Your instructions:
Without any of its pictures, the listing below should be output exactly.

Provided data:
────────────────
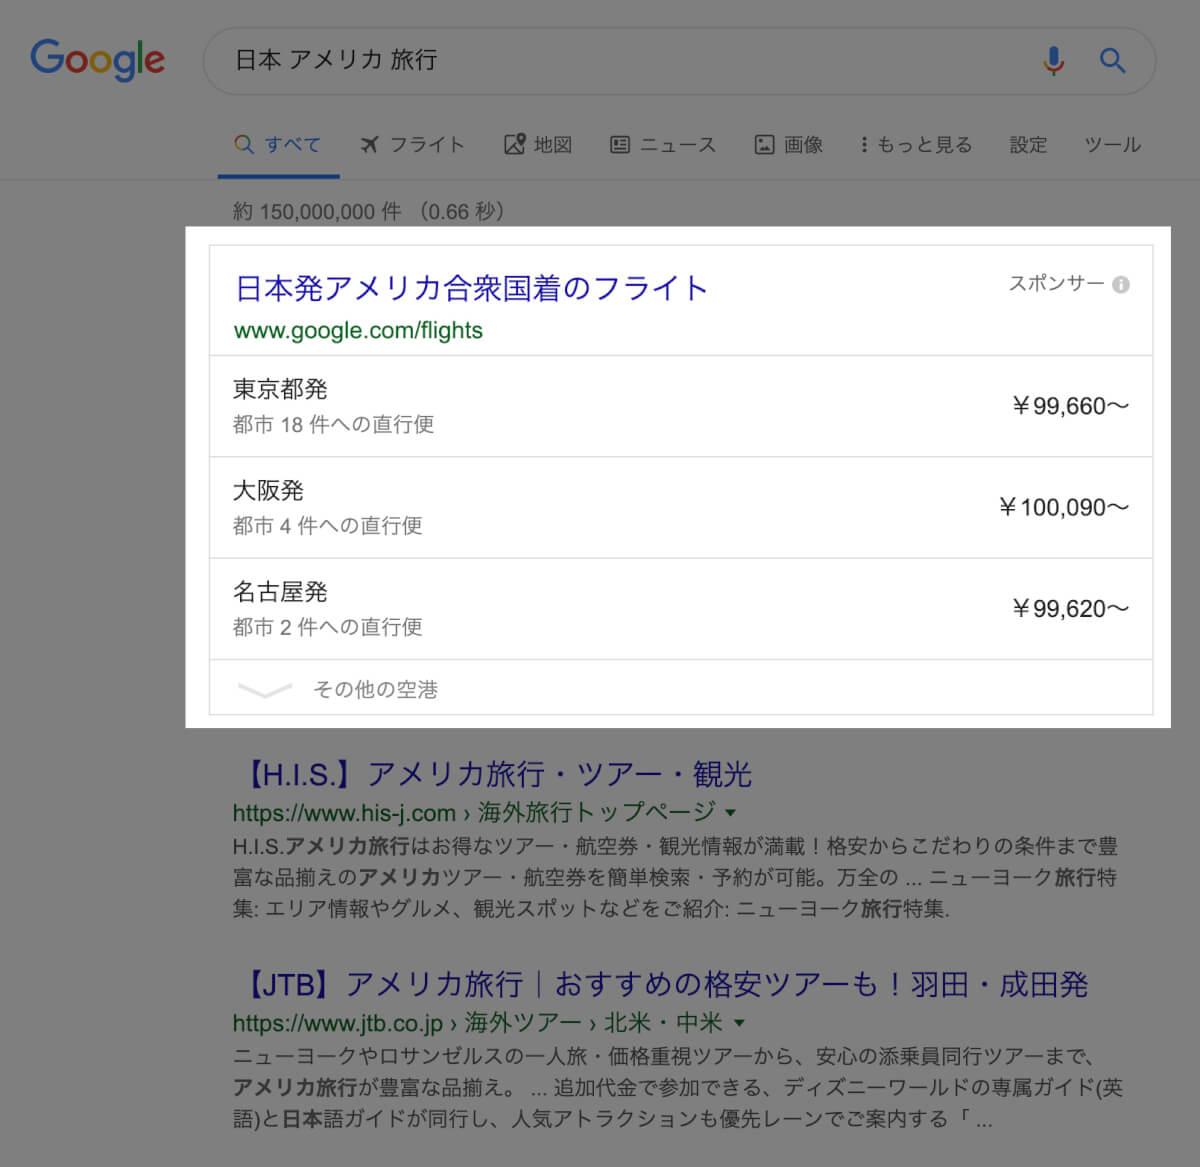 「日本 アメリカ 旅行」と検索した時のGoogle検索結果
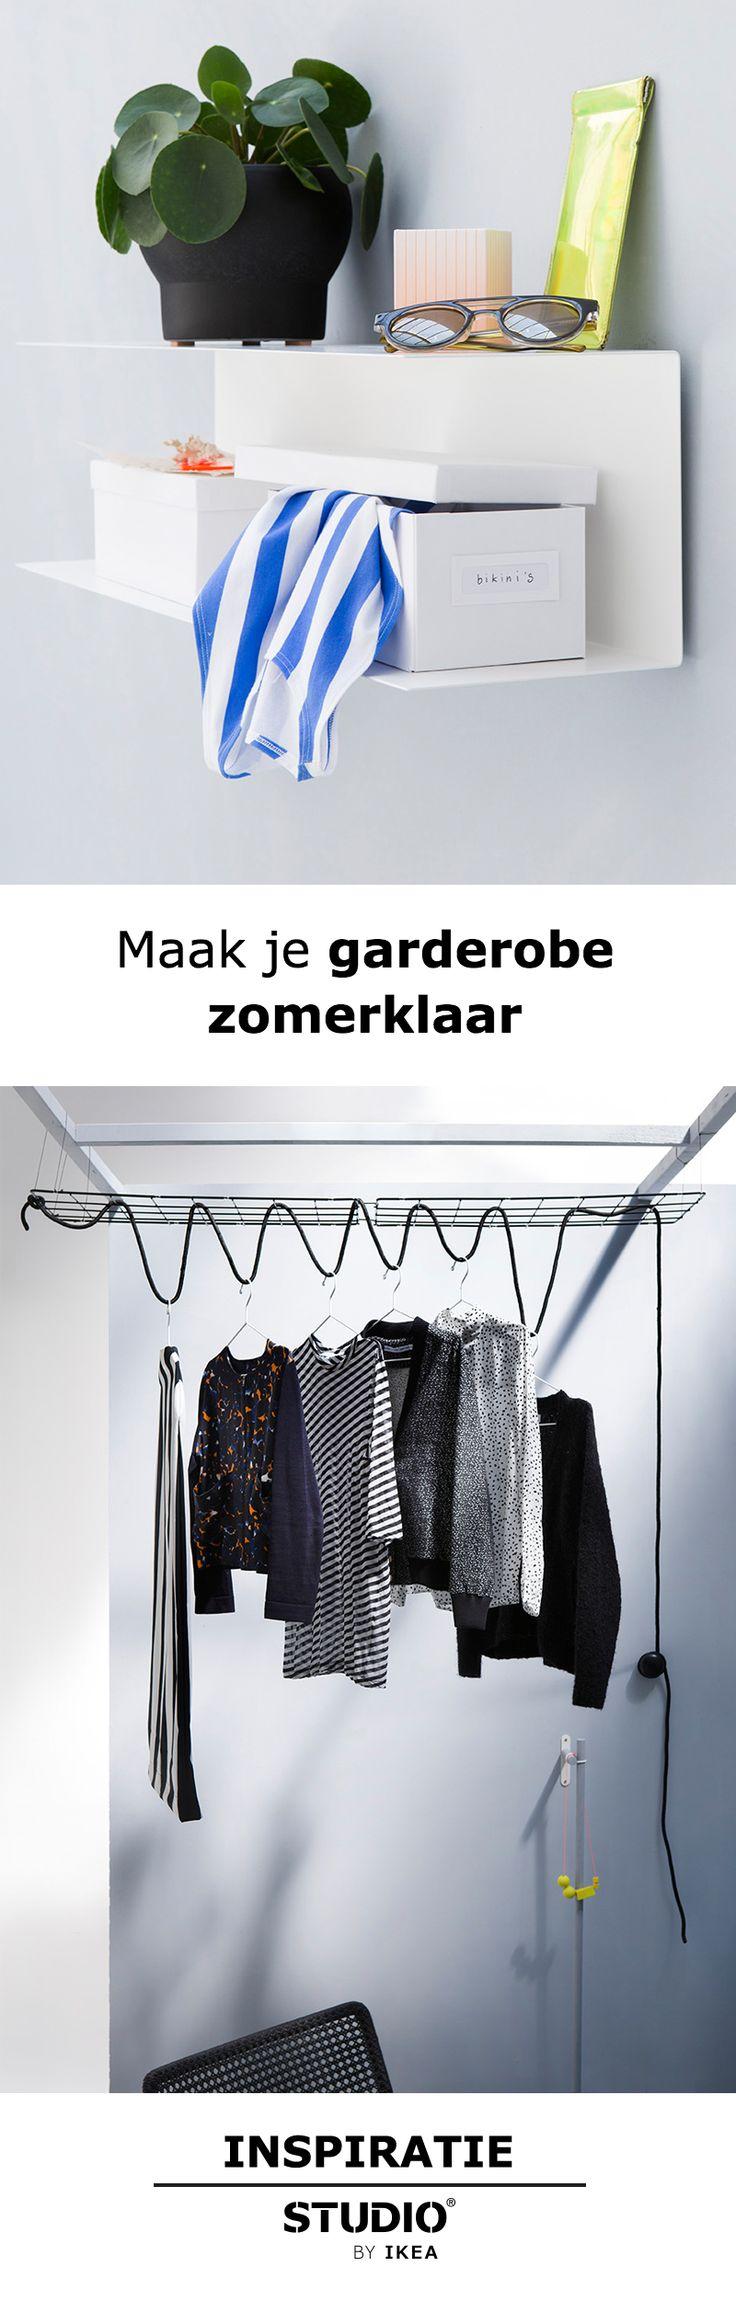 STUDIO by IKEA - Maak je garderobe zomerklaar | #STUDIObyIKEA #IKEA #IKEAnl #zomer #garderobe #kledingkast #tips #tip #opruimen #styling
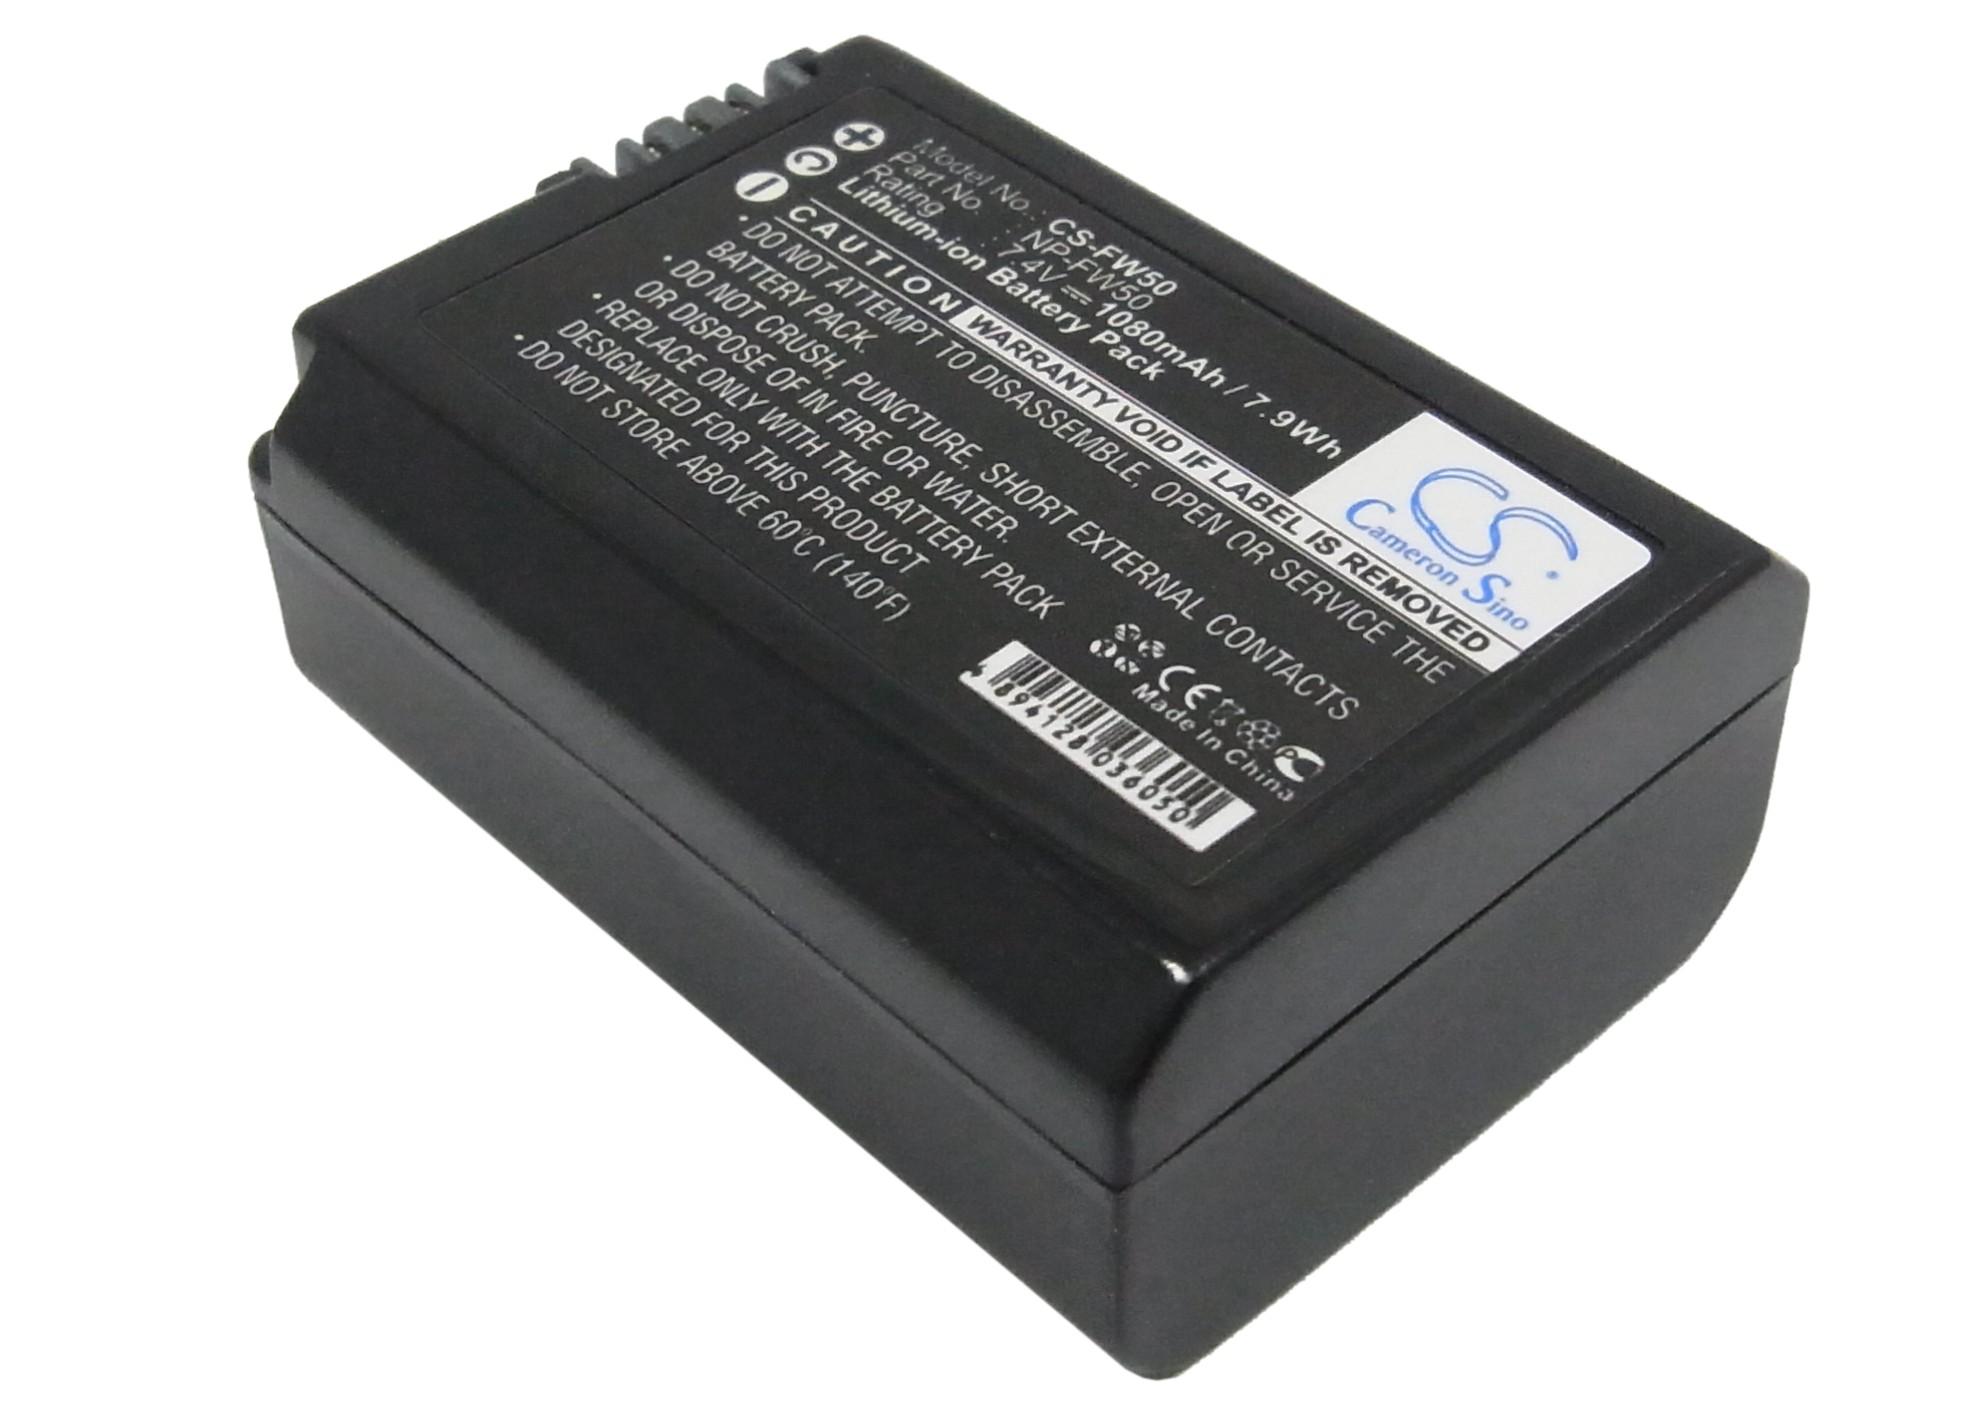 Cameron Sino baterie do kamer a fotoaparátů pro SONY Alpha 55V 7.4V Li-ion 1080mAh černá - neoriginální
────────────────
Result below:
 「日本 アメリカ 旅行」と検索した時のGoogle検索結果
 STUDIO by IKEA - Maak je garderobe zomerklaar | #STUDIObyIKEA #IKEA #IKEAnl #zomer #garderobe #kledingkast #tips #tip #opruimen #styling
 Cameron Sino baterie do kamer a fotoaparátů pro SONY Alpha 55V 7.4V Li-ion 1080mAh černá - neoriginální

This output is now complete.